TASK REQUIREMENTS:
Apart from the images, the entire listing below must be restated word for word.
─── DATA EXTRACT
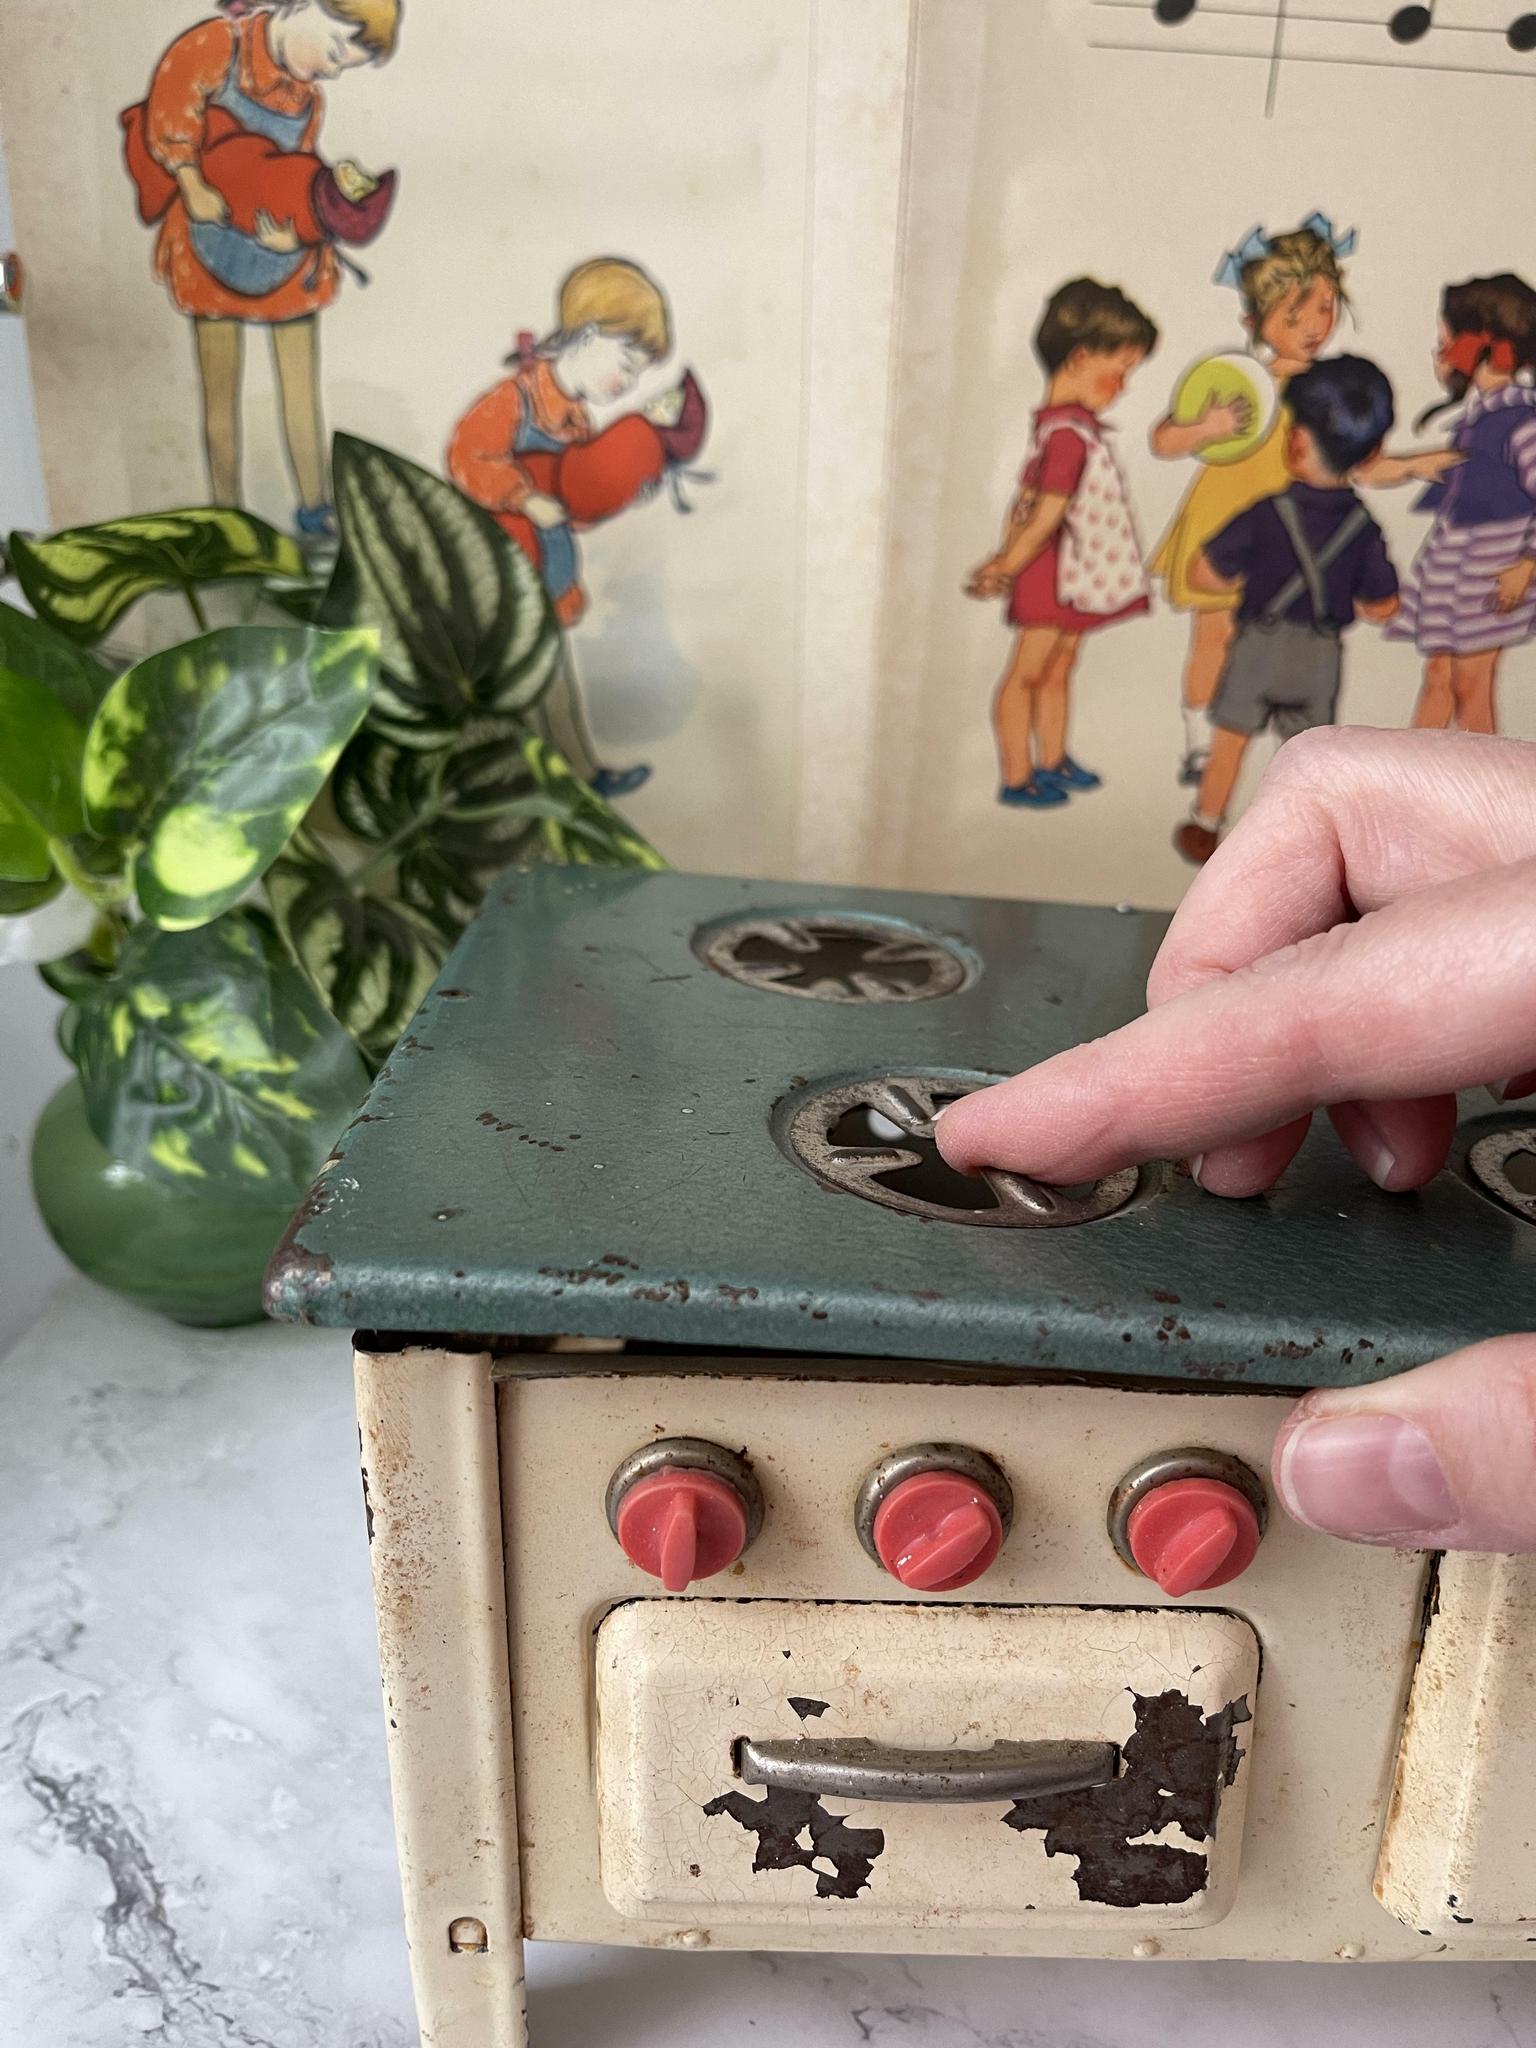 My Home Детская электрическая печь с аксессуарами
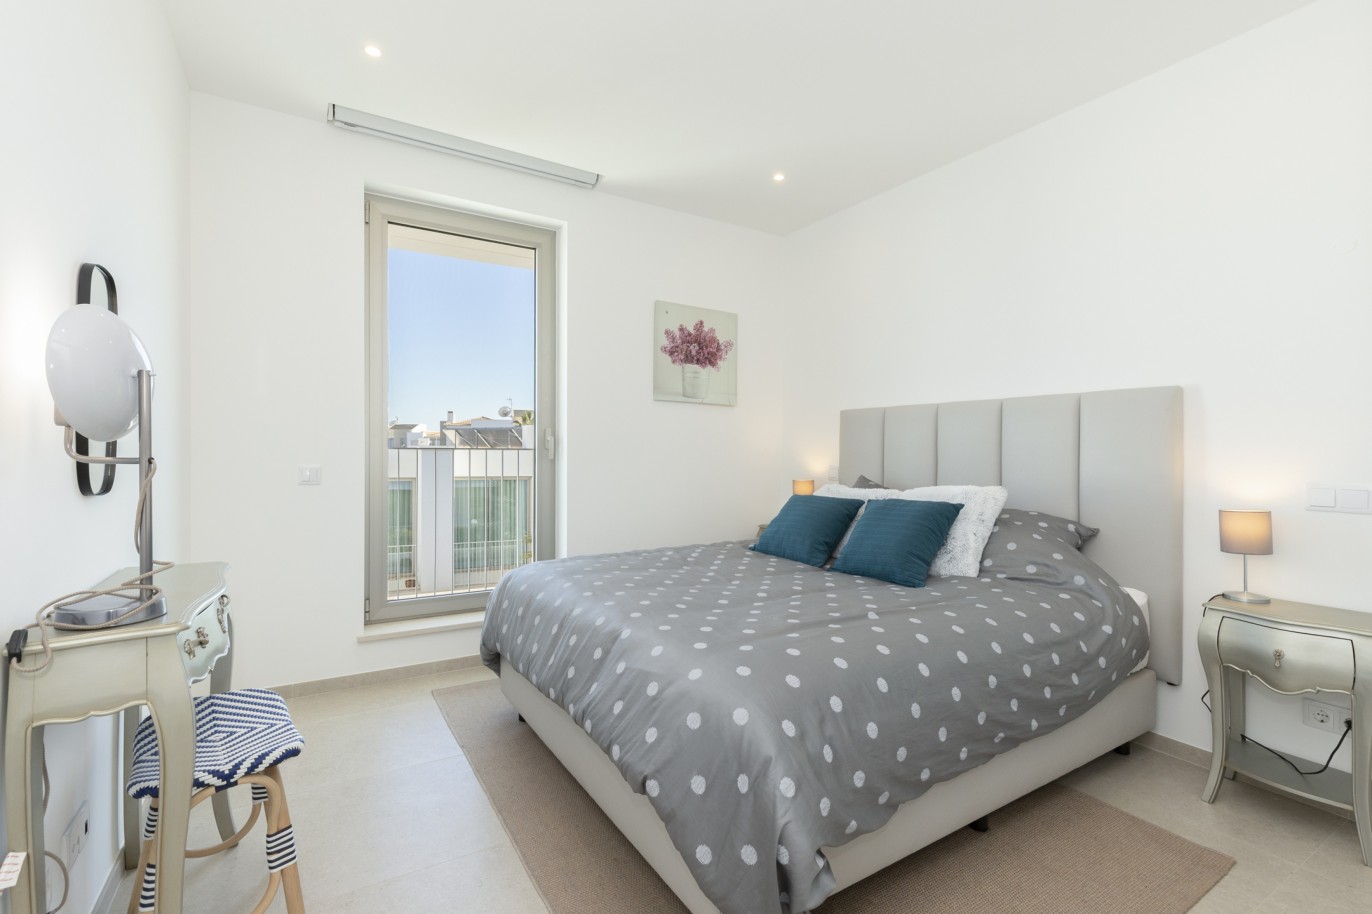 Villa de 3 dormitorios en condominio privado, en venta, en Lagos, Algarve_217634
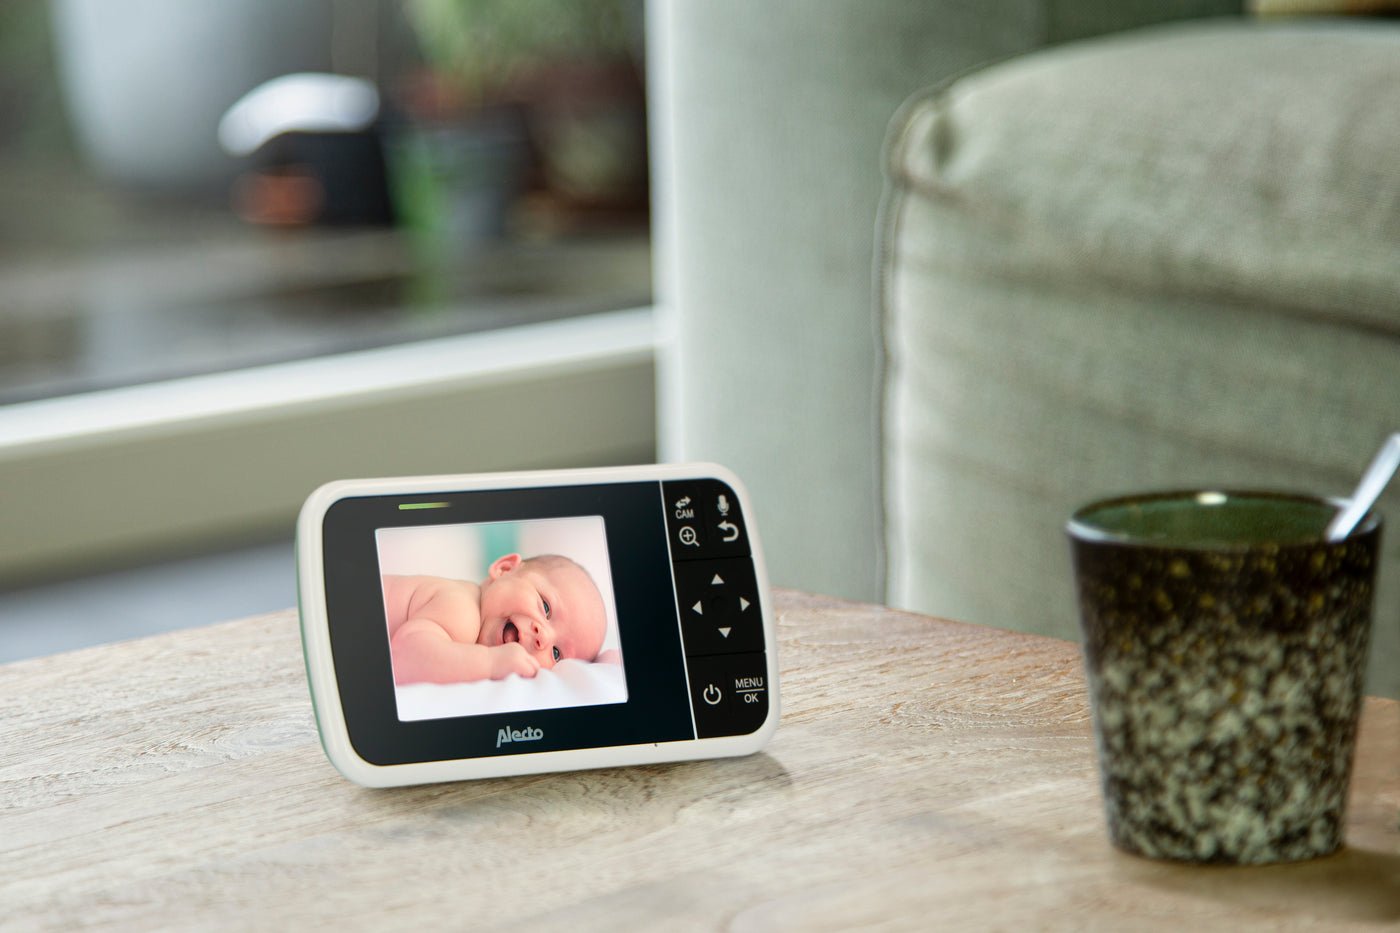 Alecto DVM135 - Babyphone avec caméra et écran couleur 3.5", blanc
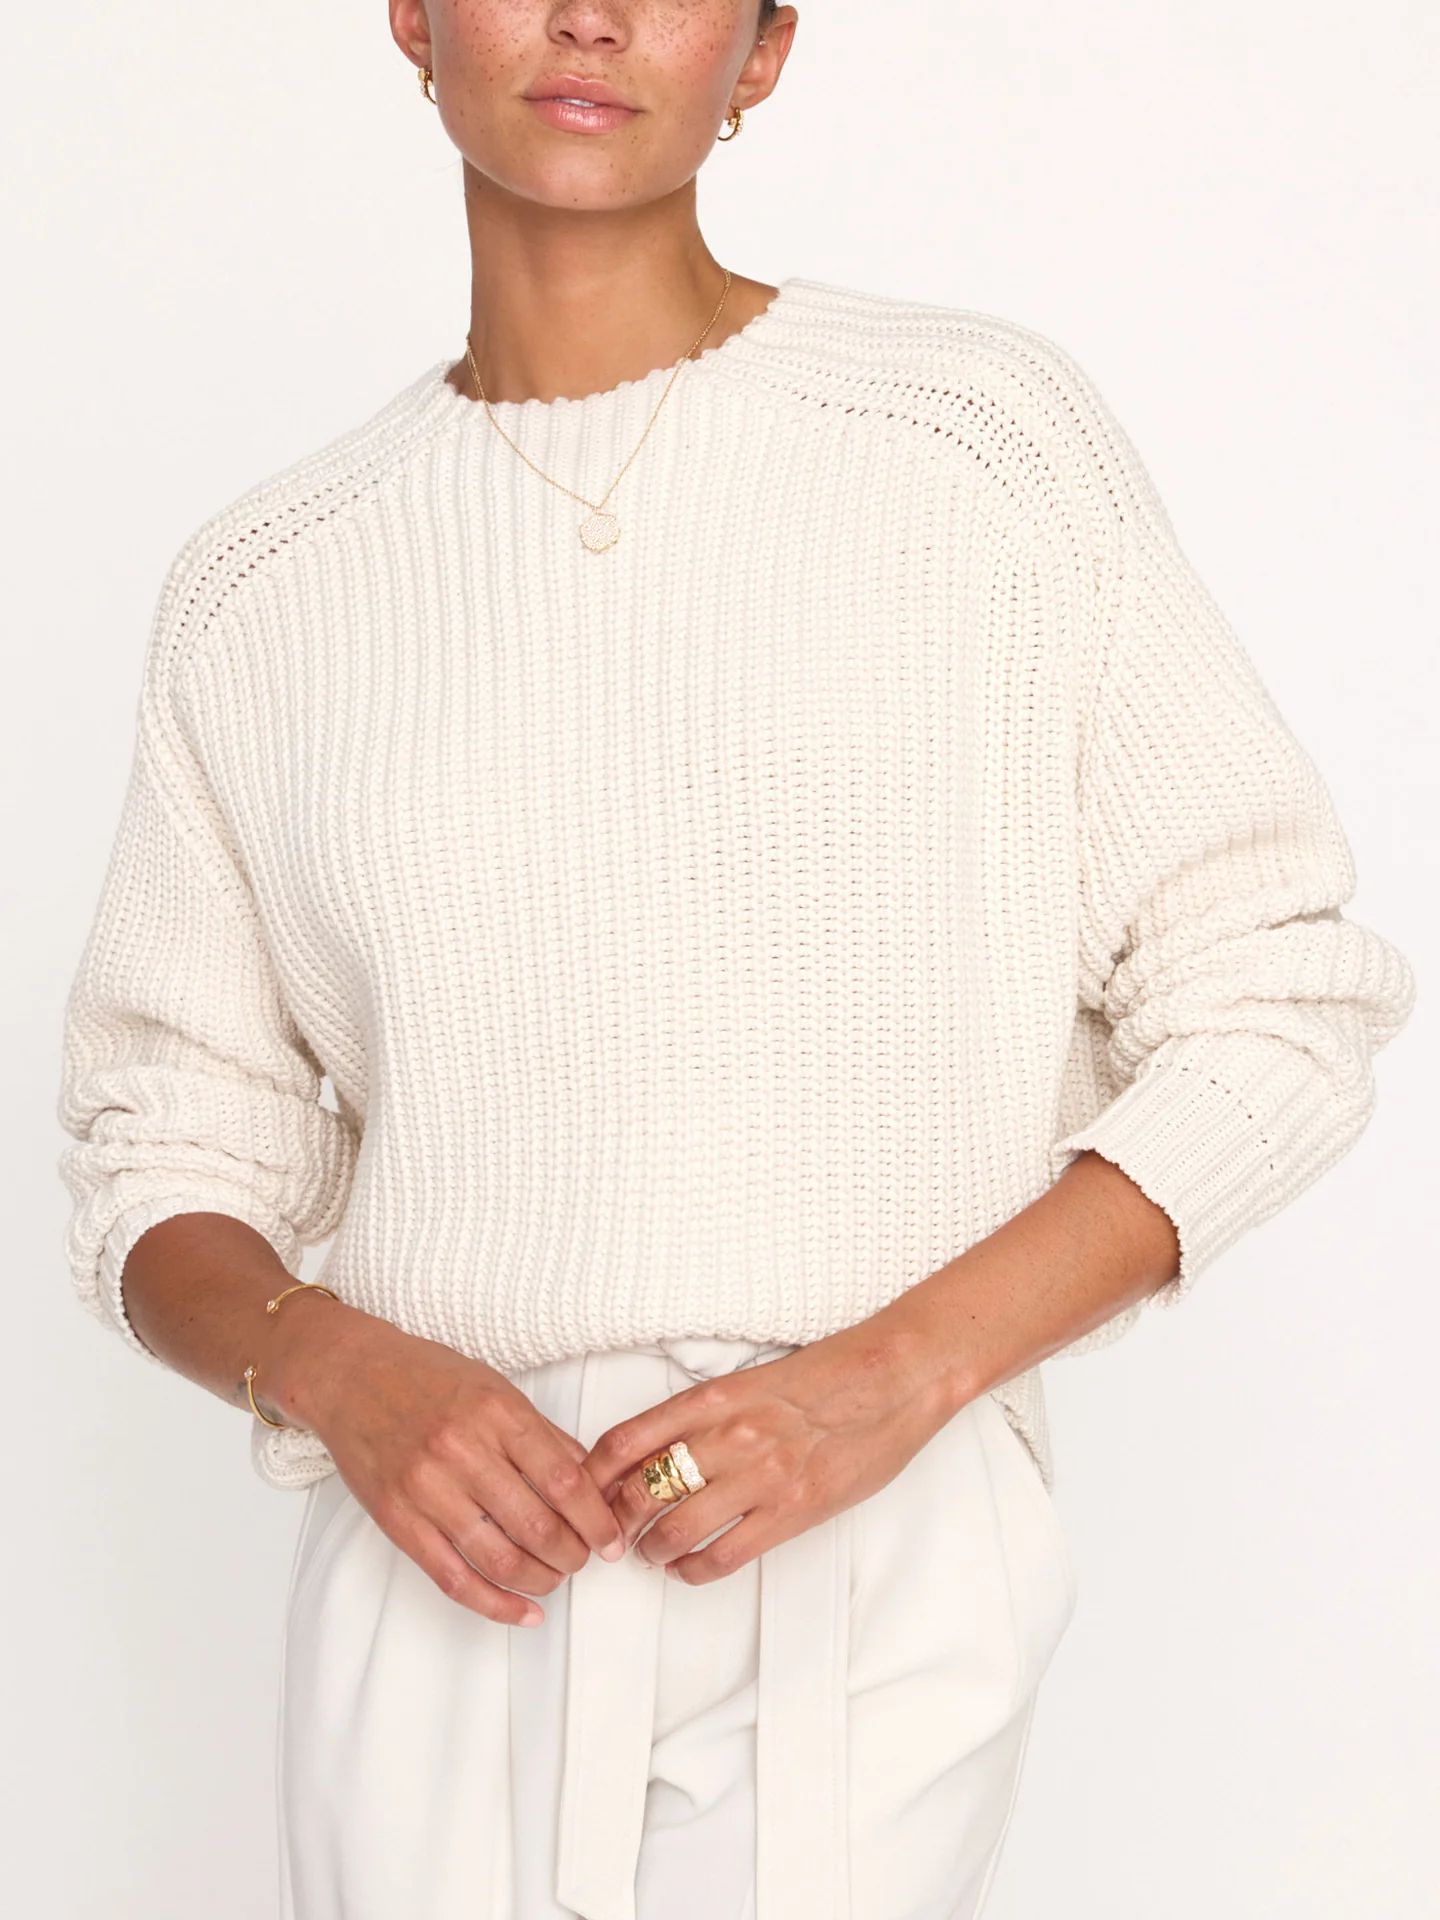 Brochu Walker | Women's Beckett Pullover Sweater in Ecru | Brochu Walker
──────
FINAL ANSWER:
 My Home Детская электрическая печь с аксессуарами
 Villa de 3 dormitorios en condominio privado, en venta, en Lagos, Algarve_217634
 Alecto DVM135 - Babyphone avec caméra et écran couleur 3.5", blanc
 Brochu Walker | Women's Beckett Pullover Sweater in Ecru | Brochu Walker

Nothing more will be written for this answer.